The open-air museum of Pilica river is the first heritage park in Poland dedicated to a river. It is located near the Pilica river in the town of Tomaszów Mazowiecki, Łódź Voivodeship. It was created in 2000. It is located next to the Blue Springs nature reserve.

==History==
The idea of creating the Pilica open-air museum was first mooted over 20 years ago. The person behind the creation of the museum was its current director Andrzej Kobalczyk. He used to be the chief editor of a monthly magazine "Piotrkow Cultural Guide" ("Piotrkowski Informator Kulturalny") which published materials about this region of the country. Soon the editorial staff of the magazine started to show interest in the Pilica river and the cultural space connected with it. This led to the creation of the "Association of the Pilica's Friends" ("Stowarzyszenie Przyjaciół Pilicy") in 1997. The main purpose of the association was to protect the natural environment of the river and to spread knowledge about the area. The association played a role in forming the open-air museum a few years later.

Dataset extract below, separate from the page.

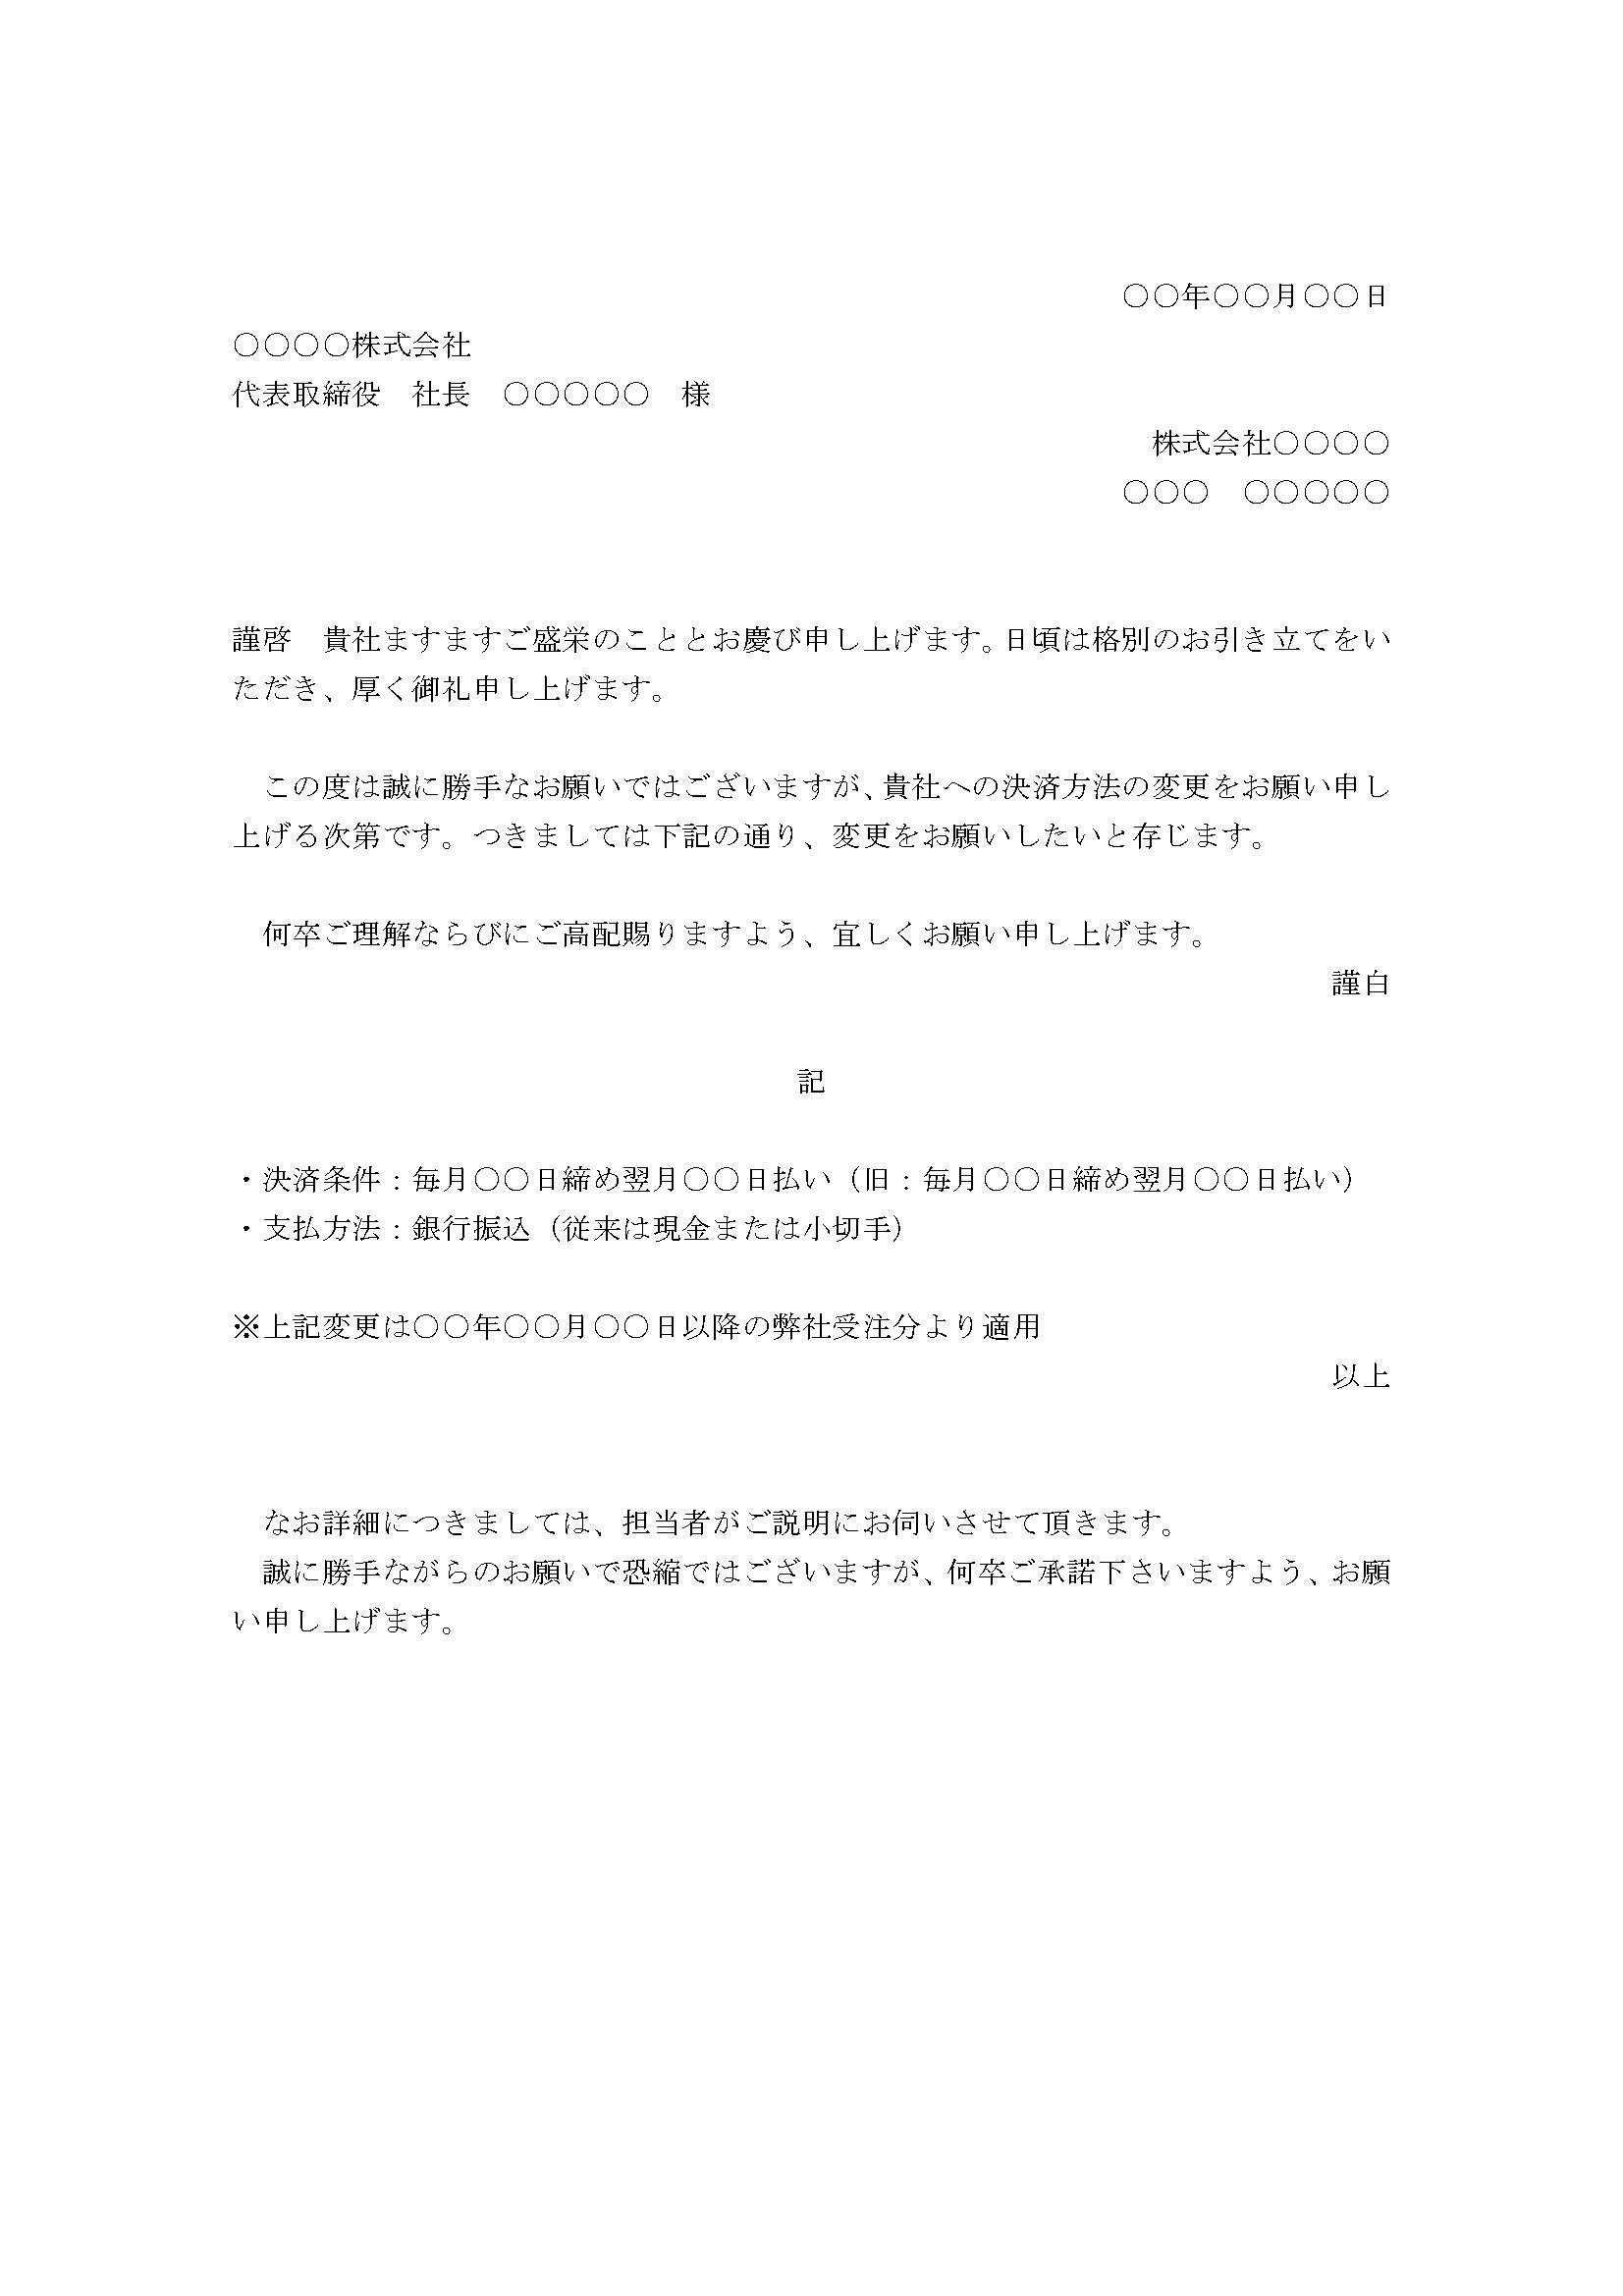 依頼状(決済方法変更)

Over the years, exhibits relating to the Pilica river were collected, with the intention of founding the museum. This included the extraction of German vehicles left over from World War II.

==Museum nowadays==

The biggest current exhibition is "Water flour-milling in the Pilica river-basin" ("Młynarstwo wodne w dorzeczu Pilicy"). Its most important element is a wooden water-mill. The interior of the construction houses an exhibition about the traditions of water-milling in the area. Besides the mill, there is a gallery with more than 30 millstones. It is the biggest such collection in Poland.

Militaria from the region connected with the Pilica river are gathered in the section "War trophies of Pilica". The exhibits were mainly found at the bottom of the river, as well as in the surrounding area. Exhibits include an artillery tractor belonging to the Luftwaffe. It spent 54 years at the bottom of the Pilica river.

The museum includes exhibits from the nearby town of Spała, which is located on the Pilica river. There is a small building which was a tsarish toilet and also elements of the entrance gate to Spała. Later, all these items from Spała were joined by a guardhouse which was situated beside the President's residence in Spała in the period of the Second Polish Republic.

Through the museum runs the symbolic axle of the Pilica river. Within the territory of the museum there is a hundred-year-old iron barge, an iron engineer boat, as well as a military towing boat and a rescuer's turret.

There is also a railway waiting room building. This wooden building was built in 1896. Over the years the building fell into ruin as it was no longer used at the railway. The local government of Tomaszów Mazowiecki strove to save it and in 2006, following a decision by the provincial conservation office, the building was moved to the open-air museum of Pilica river and reconstructed there.

Temporary exhibitions are presented in the building of a former day-room. Apart from these temporary exhibitions, collections dedicated to rowing and folk boat building are also presented.

The activities of the open-air museum of Pilica river were recognised by the Polish Tourist Organisation in 2005 when the museum was awarded a prize for "the best Polish tourist product of the year". In 2009 the museum was awarded the award "Friendly Bank".